Moore delivers speech we’ve been waiting for
Wes Moore’s inauguration speech hit the notes a lot of us have been waiting a long time to hear from the governor of America’s wealthiest state — that Maryland should also be one of the safest, best educated, healthiest and most progressive in the country.
“We know it is unacceptable that, while Maryland has the highest median income in the country, 1 in 8 of our children lives in poverty,” Moore said. “We do not have to choose between a competitive economy and an equitable one. We should not tolerate an 8-to-1 racial wealth gap, not because it hurts certain groups, but because it prevents all of us from reaching our full potential. … This can be the best state in America to be an employer and an employee.”
It’s inspiring to hear a governor speak about achieving economic prosperity without sacrificing basic human needs. “We’ve been asked to accept that some of us must be left behind,” Moore said, “that in order for some to win, others must lose. … Well, we must refuse to accept that.”
This is a very different approach than the one Moore’s predecessor offered. An old-school Republican, Larry Hogan wanted to make Maryland “open for business.” He claimed that he was needed in Annapolis because businesses and people — millionaires, in particular — were leaving Maryland and the state’s economy was in the tank.
This claim fascinated me because, even in down times, Maryland always managed to be a prosperous state with big brains.
But Hogan made it sound like an economic backwater that urgently needed his conservative Reaganesque approach.
He made these claims again recently, suggesting that the state’s economy was a mess when he took office and now things are better than ever.
In preparing to run for governor in 2014, Hogan established Change Maryland, a grassroots, anti-tax organization that raised Hogan’s profile as a pro-business Republican who opposed the tax increases and fees produced by Democratic Gov. Martin O’Malley and the General Assembly to get the state through the recession of 2007-2009.
Change Maryland claimed thousands of people had left the state during O’Malley’s time and that millionaires were speeding toward the exit ramps.
“Maryland has reached the point of diminishing returns,” Hogan said. “We’re taxing people too much, and people are voting with their feet. Until we change our focus from tax increases to increasing the tax base, more people are simply going to leave.”
But, when I looked at data from the U.S. Census Bureau and other sources, I found
nothing resembling the landscape Hogan painted.
For one thing, the state’s population grew throughout O’Malley’s tenure in Annapolis, and the growth continued into Hogan’s first term. From the time of O’Malley’s reelection in 2010 to Hogan’s in 2018, the state’s population went from about 5.8 million to 6.1 million, and it continued to grow after that. Maryland now has 6.16 million residents, according to the Census Bureau.

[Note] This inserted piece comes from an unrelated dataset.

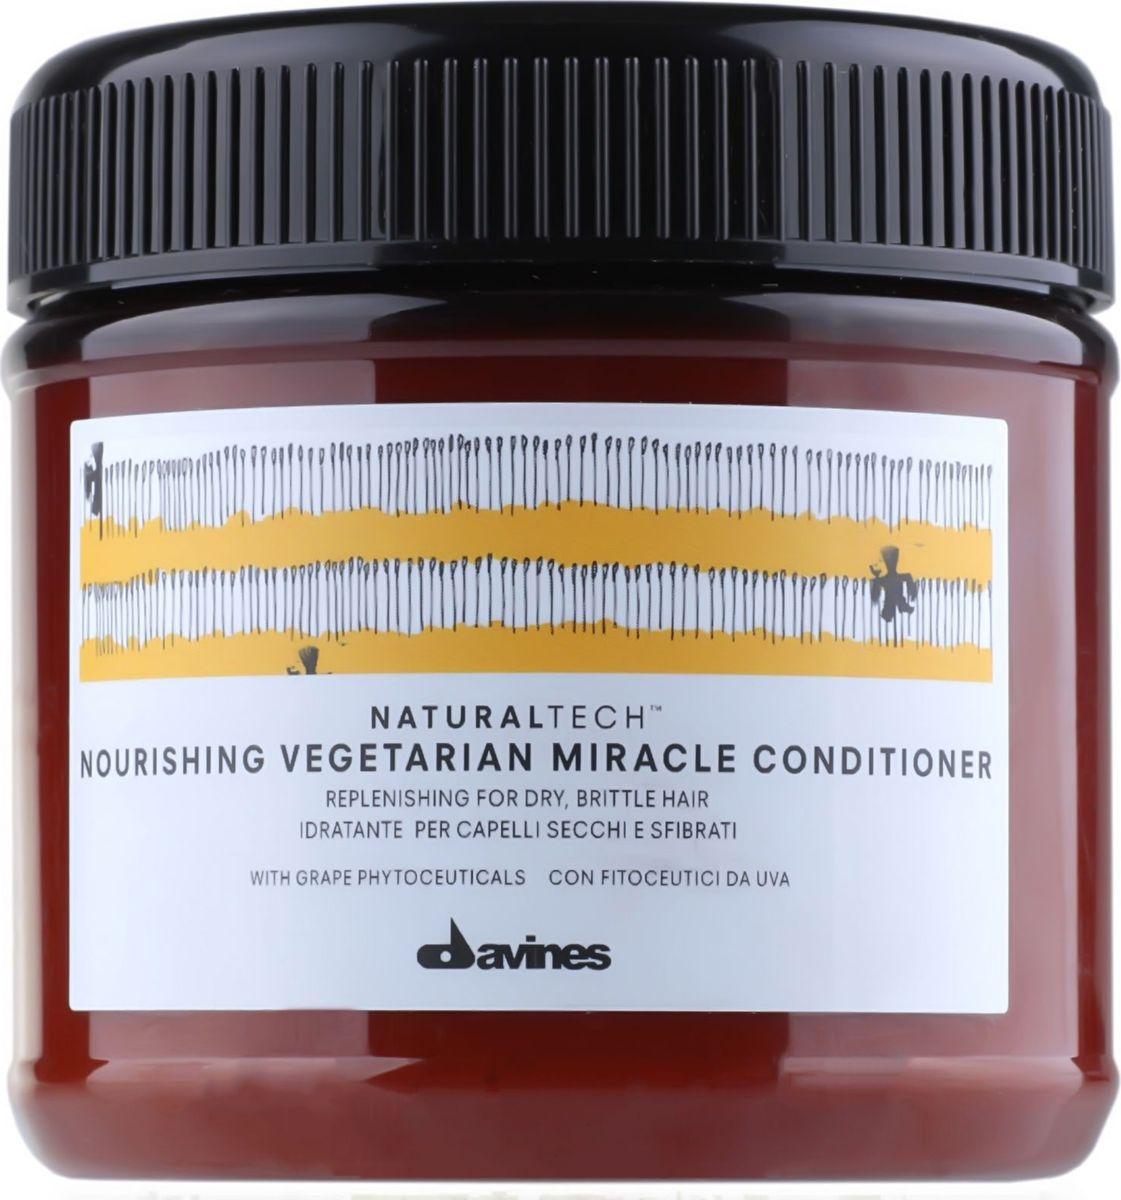 Davines Питательный кондиционер Вегетарианское чудо New Natural Tech Nourishing Vegetarian Miracle Conditioner, 250 мл4627089432322Питательный кондиционер Вегетарианское чудо эффективно увлажняет ломкие и сухие волосы. В нем содержится фитоактив винограда, который богат полифенолами и потому является очень сильным антиоксидантом. Масла риса, асаи и пассифлоры отвечают за процесс кондиционирования и защищают волосы. pH 5,4.

As for millionaires, they apparently liked Maryland life more than Hogan claimed. We were No. 1 in millionaires as a percentage of the population during O’Malley’s second term. According to Kiplinger, the financial and business publisher, we kept that status when Hogan took office, with millionaires accounting for 7.9% of Maryland households. (Kiplinger defined a millionaire as a person with “investable assets of $1 million or more, excluding the value of real estate, employer-sponsored retirement plans and business partnerships.”)
Since then, the concentration of millionaires in Maryland has increased to 9.72% of households, but the state has fallen to No. 2, just behind New Jersey (9.76%), in millionaire percentage, according to the latest survey from Kiplinger.
Maryland’s median household income is now $91,431 and, as Moore noted, the highest in the country — $20,000 a year more than the national median.
Maryland has been rated either the wealthiest state in the country, or one of the wealthiest, for several years. (We had the highest median household income when O’Malley was governor.) If millionaires are leaving the state — for retirement elsewhere — then others are apparently moving in or creating new fortunes here.
There are more ways to measure the quality of a state’s economy besides the concentration of millionaires — the unemployment rate, for instance. By the time O’Malley left office in 2014, it was 5.4% and below the nation’s rate of 5.6%. By the time Hogan left office, Maryland’s unemployment rate was 4.3%, above the nation’s rate of 3.5%.
Another thing I looked at: The number of businesses in the state. Despite the worst economic downturn since the Great Depression, the number of business establishments in the state still grew during O’Malley’s tenure by 2,520. If Hogan gets to boast about anything, it should be what the Bureau of Labor Statistics shows for his eight years, including the time of the pandemic — a growth of 17,184 business establishments in Maryland.
So there’s my final tally, specific to the claims and warnings Hogan issued eight years ago. It was never as bad as he said it was, and by some measures it’s better today. Indeed, the state’s history of prosperity, and the ingenuity and ambition suggested by it, bear out what Wes Moore said in the speech many of us have been waiting to hear: The wealthiest state in the country can also be the most progressive and humane.